##### DATA SHOWN

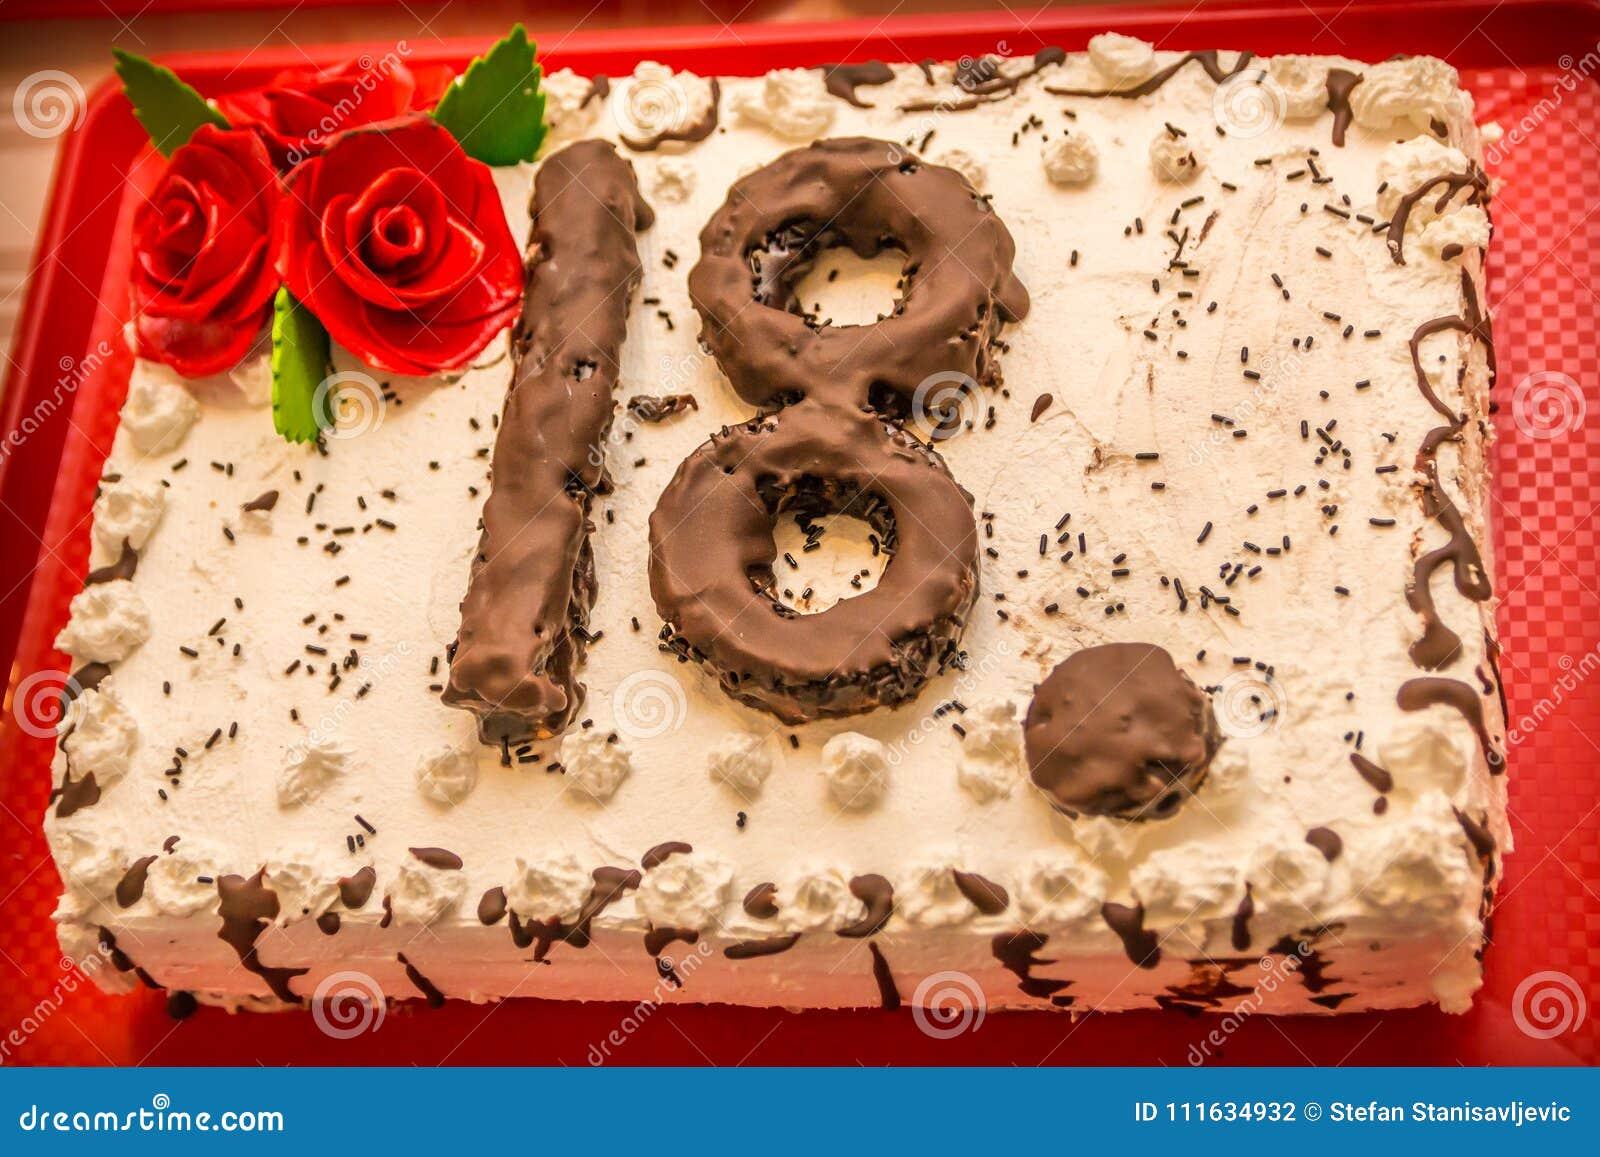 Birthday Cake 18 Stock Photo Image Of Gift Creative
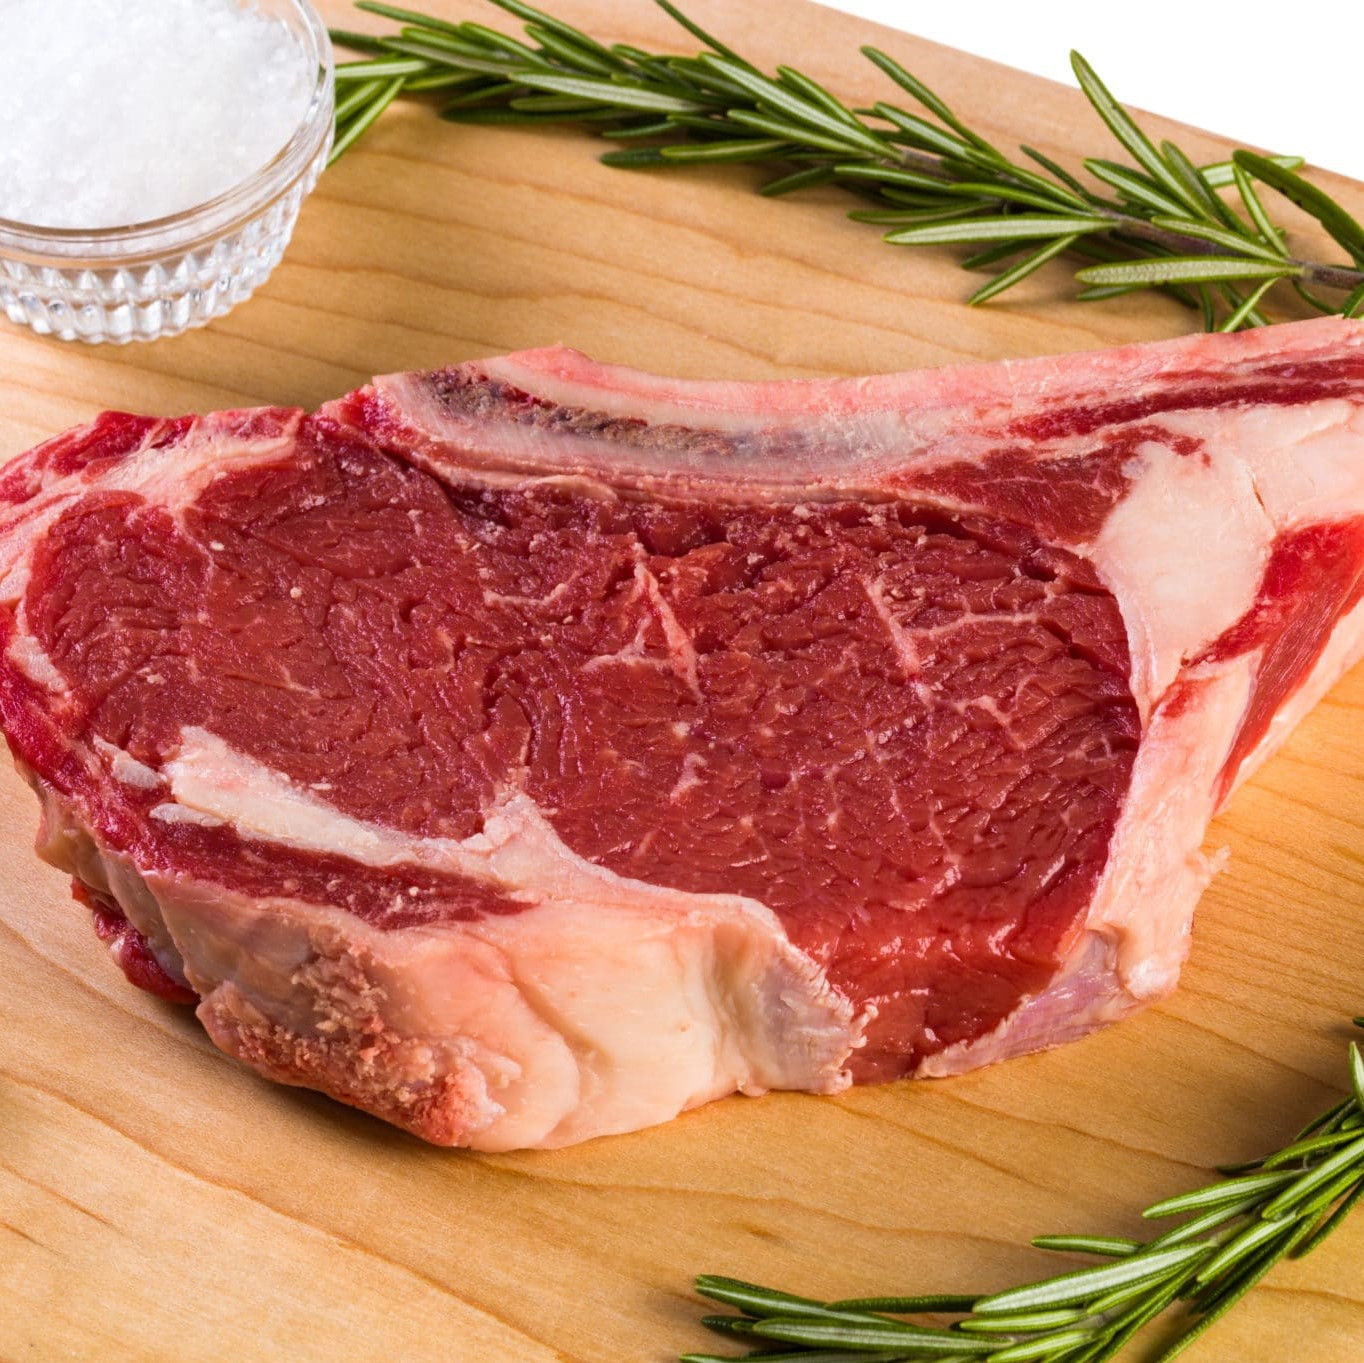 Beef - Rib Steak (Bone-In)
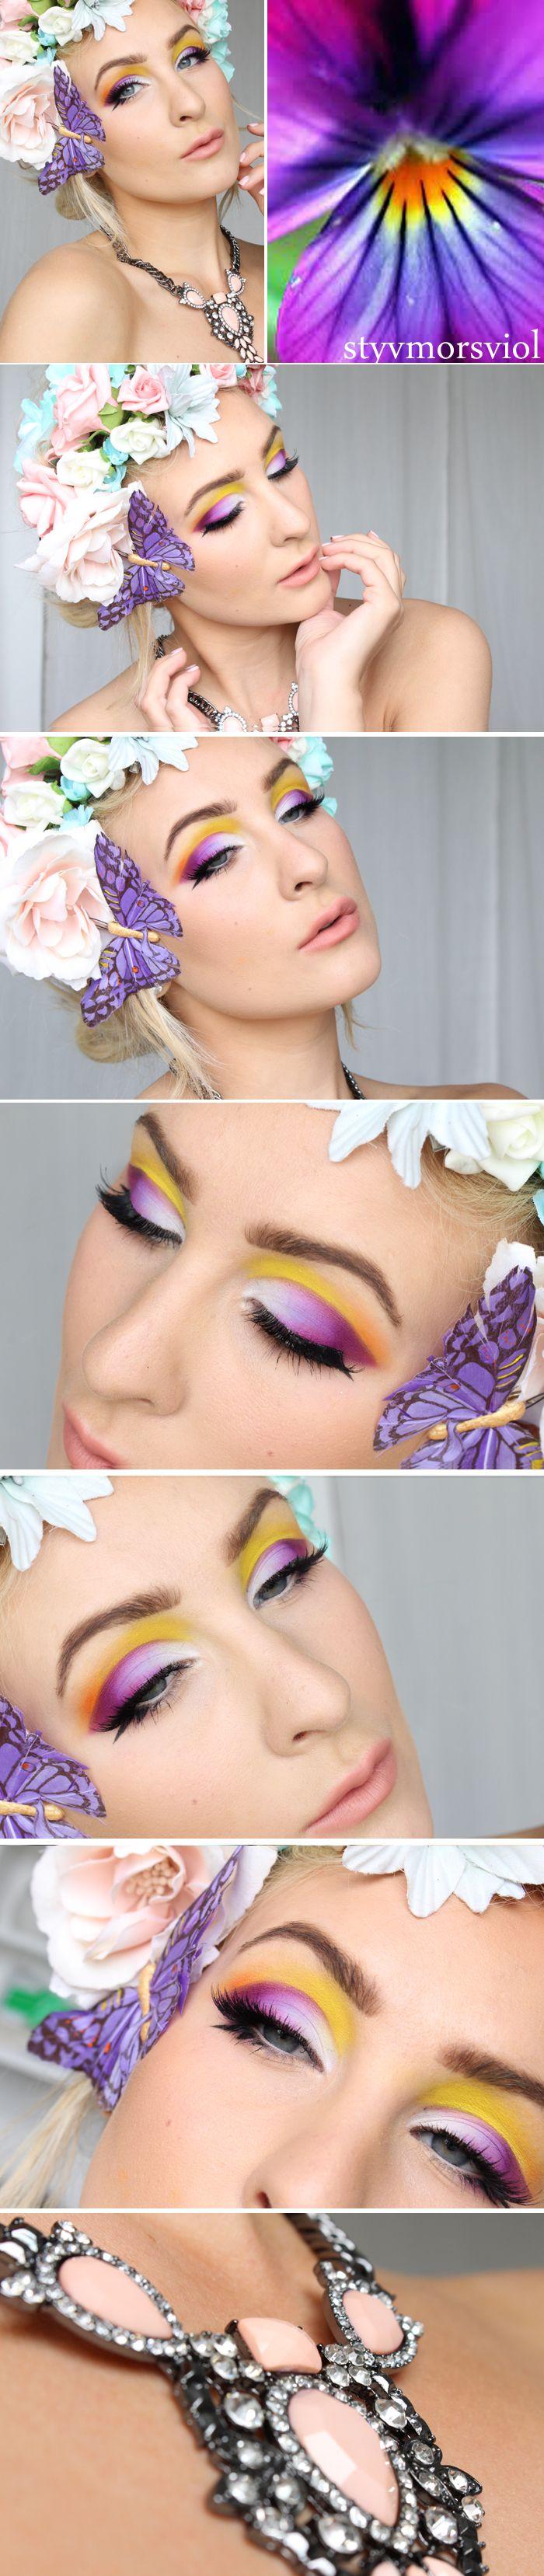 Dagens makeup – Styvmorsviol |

##########

#### EXERCISE AIM:
Where the line containing "Beef - Rib Steak (Bone-In)" appears, begin writing out the lines exactly, and continue through the end of the material above, omitting pictures.

#### ANSWER FOR THE TASK:
 Beef - Rib Steak (Bone-In)
 Dagens makeup – Styvmorsviol |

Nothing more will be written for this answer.